Il est constant en l'espèce qu'un avis médical mensuel a été établi par le docteur [B] le 27 décembre 2024 suivi d'un avis du docteur [S] le 31 janvier 2025.
Il est donc exact que le délai d'un mois n'a pas été constaté. Toutefois, cette irrégularité ne peut entraîner la main levée de la mesure de soins sous contrainte que s'il est caractérisé une atteinte concrète aux droits de M. [K].
En l'espèce, le conseil de M. [K] précise que cette atteinte résulte de la contrainte qui lui est imposée pour des soins auxquels il ne lui est ainsi pas permis de consentir.
Dans la motivation de son appel, M. [K] revient sur des circonstances de fait non opérantes sans établir en quoi le non-respect du délai a porté atteinte à ses droits de manière effective.
Or, il ne peut qu'être constaté que le programme de soins s'inscrit dans une pathologie au long cours pour lequel le traitement retard administré mensuellement ne peut qu'atténuer les symptômes sans possibilité à ce jour d'envisager une guérison. Aucune adaptation du traitement n'a été depuis envisagée et n'apparaît d'ailleurs envisageable au regard des actuelles données médicales.
Dans de telles conditions, le retard de quelques jours dans l'établissement des certificats médicaux n'a pas porté d'atteinte concrète aux droits de M. [K].
Ce moyen ne peut prospérer.
Sur le fond,
Au jour où il est statué et au vu du dernier certificat médical, il ne peut qu'être constaté la persistance de troubles puisque la pathologie sous forme d'une schizophrénie paranoïde est chronique.
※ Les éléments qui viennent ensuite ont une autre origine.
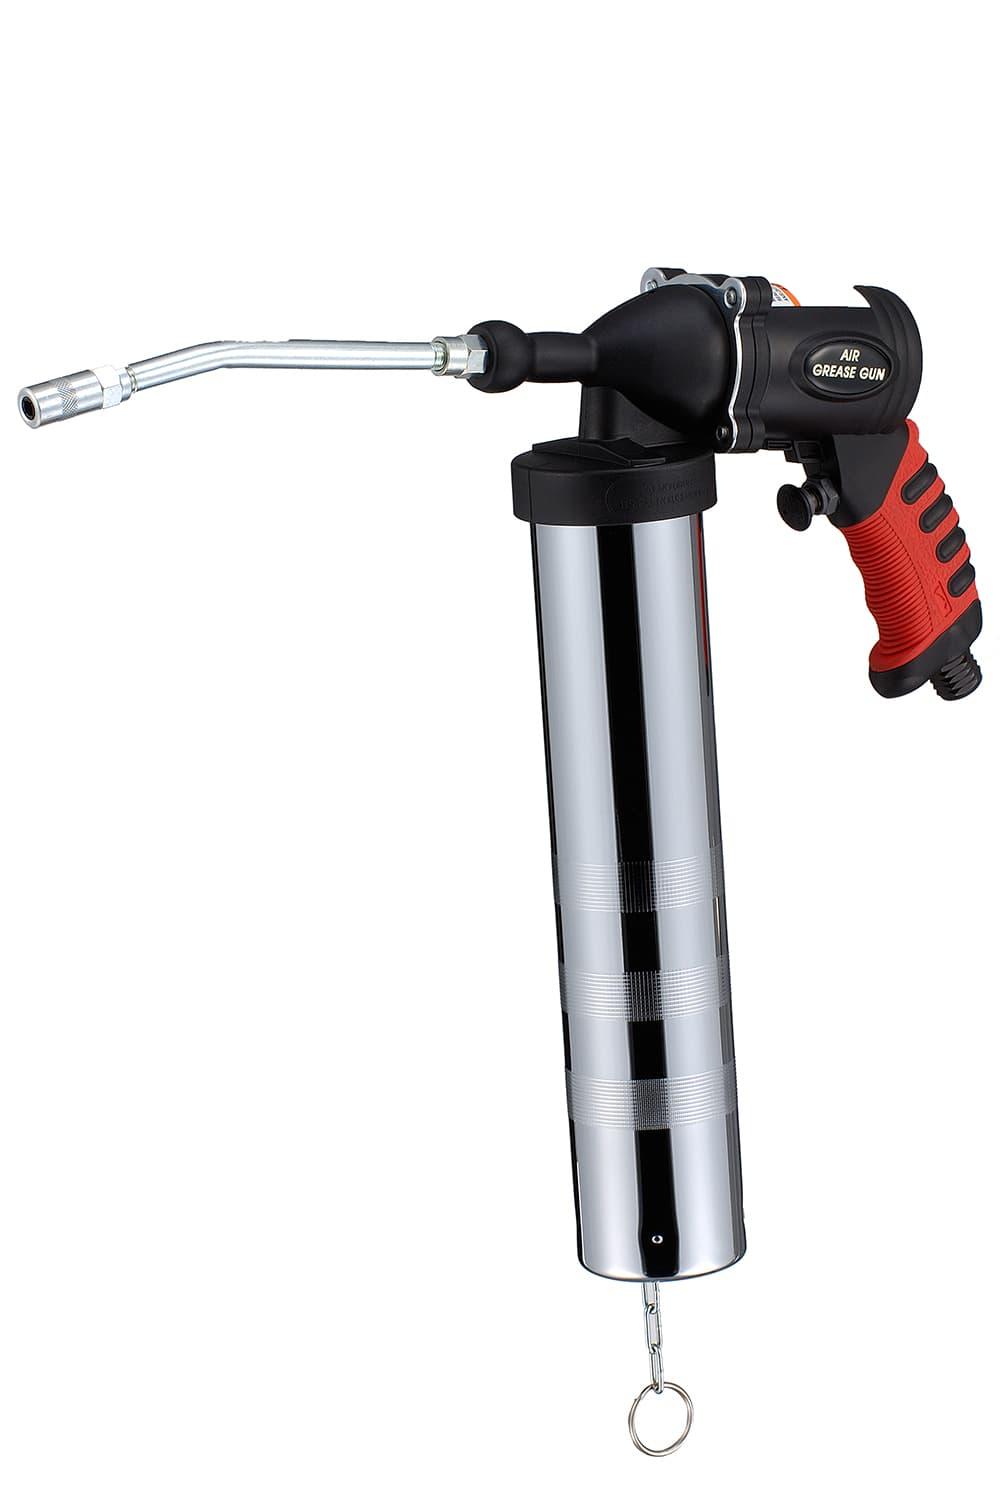 Grease Guns: Air,Grease Gun,Hydraulic/Lubrication,ArconTooltech,Arcon

Le programme de soins demeure indispensable, seul un traitement retard pouvant en limiter les symptômes. Si M. [K] respecte globalement le programme mise en place, son adhésion demeure tout à fait fragile puisqu'il demeure dans l'incompréhension de ses troubles. À l'audience il a d'ailleurs maintenu qu'il ne se considérait pas comme malade. Une main levée du programme de soins sous contrainte exposerait donc M. [K] à un arrêt de son traitement, lequel, selon l'avis médical, aurait pour conséquence inévitable une décompensation. Celle-ci serait bien de nature à avoir des conséquences graves pour l'ordre public étant rappelé que le programme de soins s'inscrit dans les suites d'une décision d'irresponsabilité sur un plan pénal pour des faits d'incendie volontaire.
La main levée ne peut ainsi être ordonnée et l'ordonnance du magistrat du siège du tribunal judiciaire de Castres désigné à cet effet sera confirmée.
PAR CES MOTIFS
Confirmons l'ordonnance du magistrat du siège du tribunal judiciaire de Castres désigné à cet effet, du 14 février 2025,
Disons que la présente décision sera notifiée selon les formes légales, et qu'avis en sera donné au ministère public,
Laissons les dépens à la charge du Trésor public.